Input data
====================

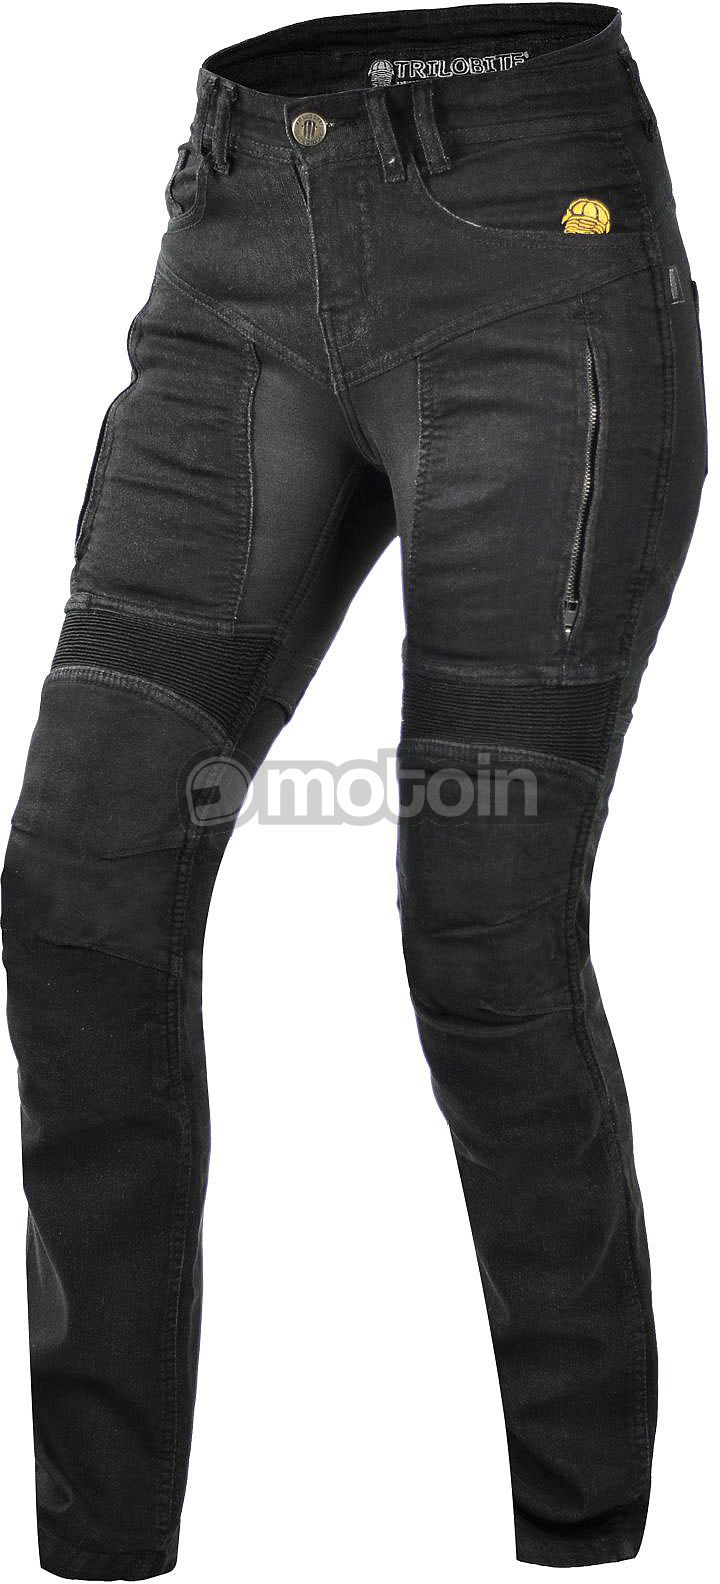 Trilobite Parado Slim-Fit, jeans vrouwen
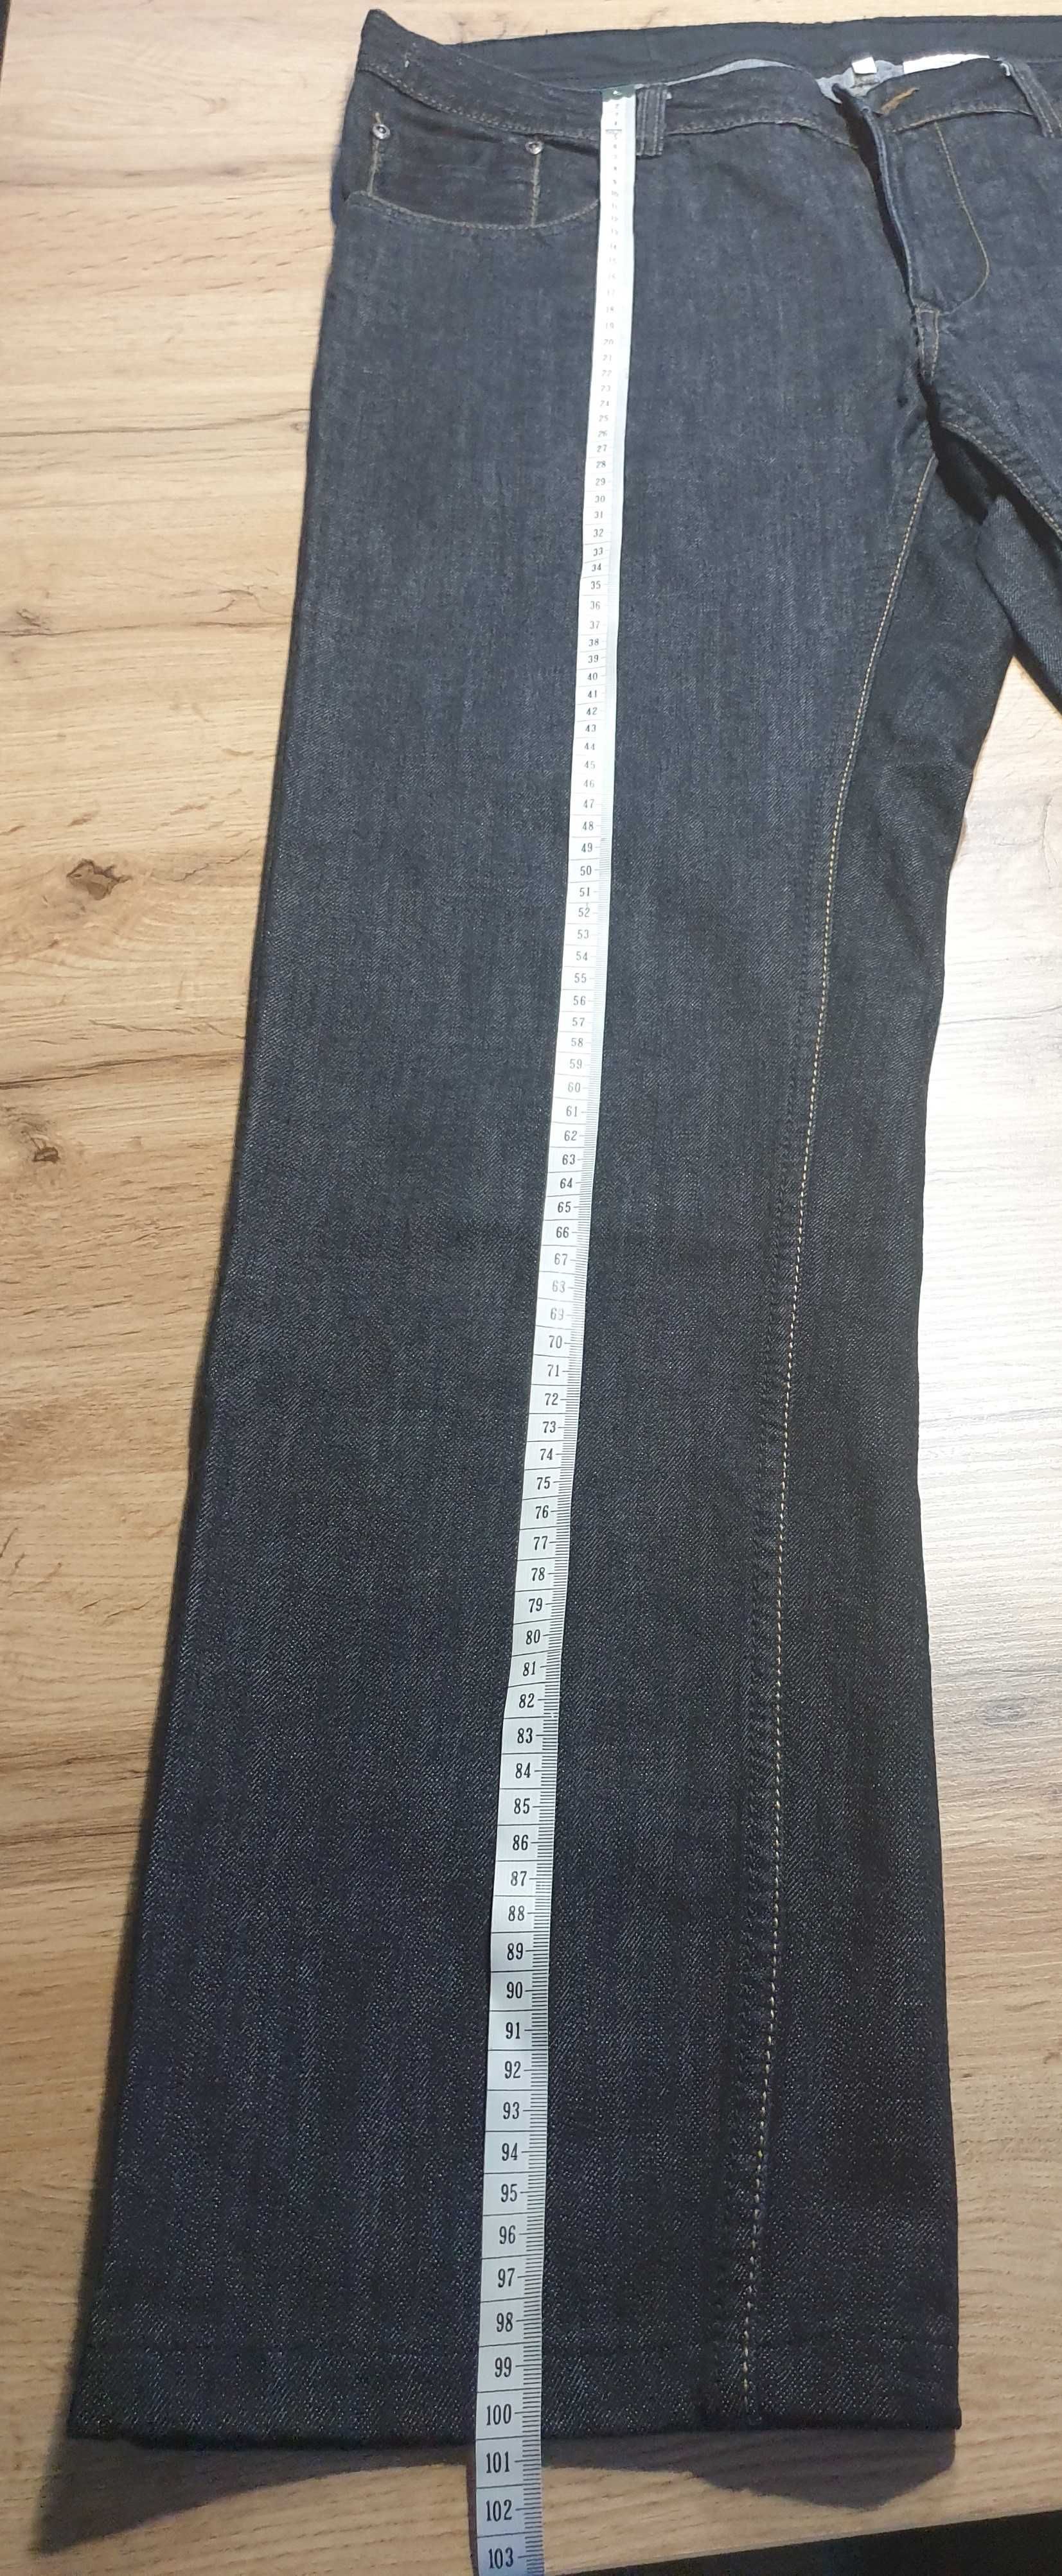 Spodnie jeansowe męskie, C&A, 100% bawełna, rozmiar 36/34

====================

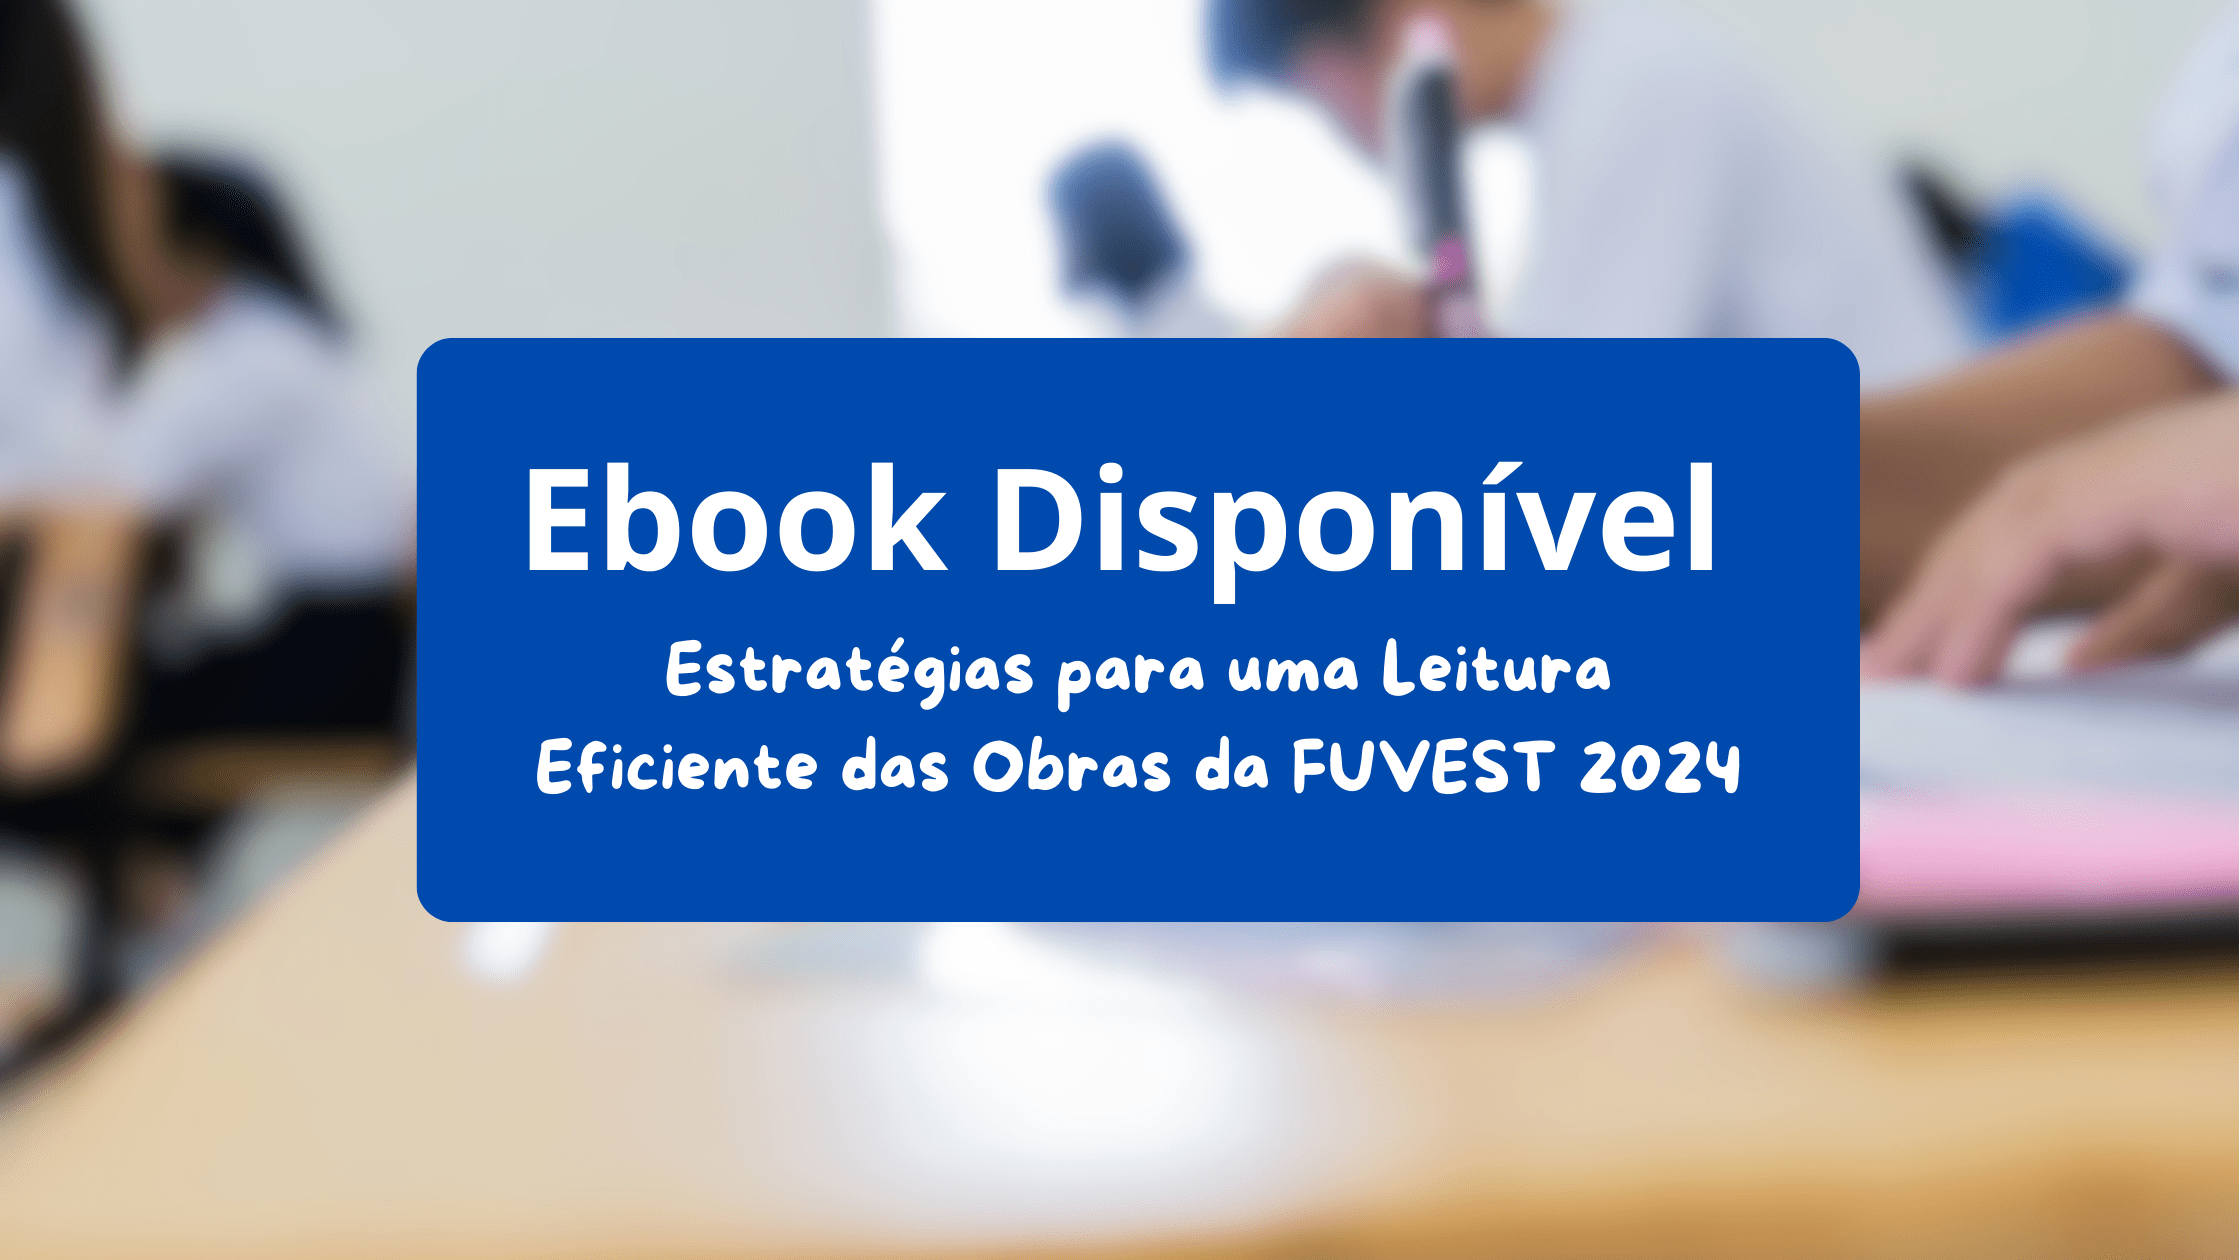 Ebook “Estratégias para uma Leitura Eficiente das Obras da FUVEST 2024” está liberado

====================

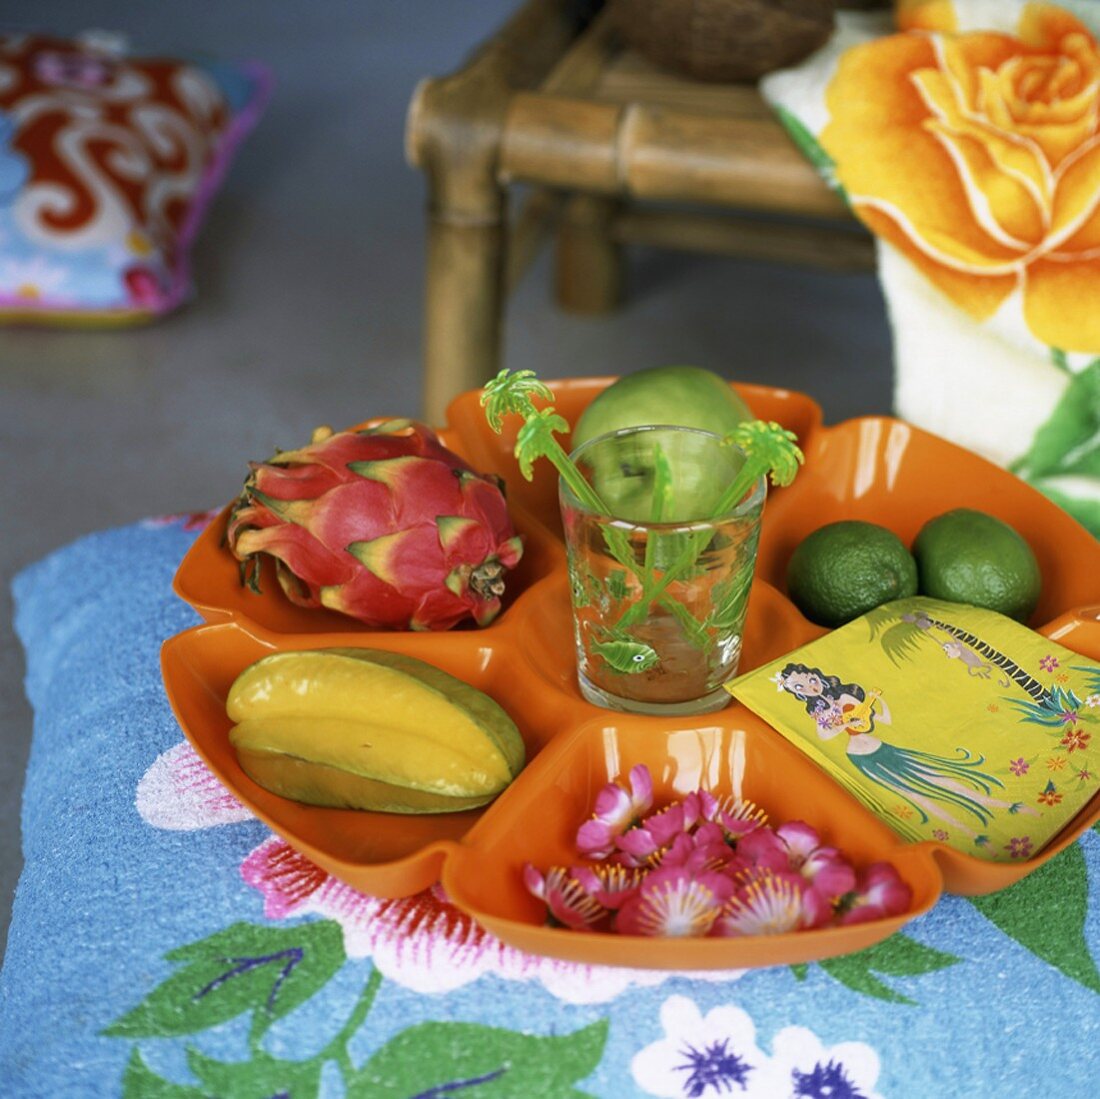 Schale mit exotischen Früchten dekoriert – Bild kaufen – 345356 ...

====================

Print, exactly, each line above from the one with "Trilobite Parado Slim-Fit, jeans vrouwen" to the one with "Spodnie jeansowe męskie, C&A, 100%", end lines included. Leave pictures out of it.

Exercise solution
 Trilobite Parado Slim-Fit, jeans vrouwen
 Spodnie jeansowe męskie, C&A, 100% bawełna, rozmiar 36/34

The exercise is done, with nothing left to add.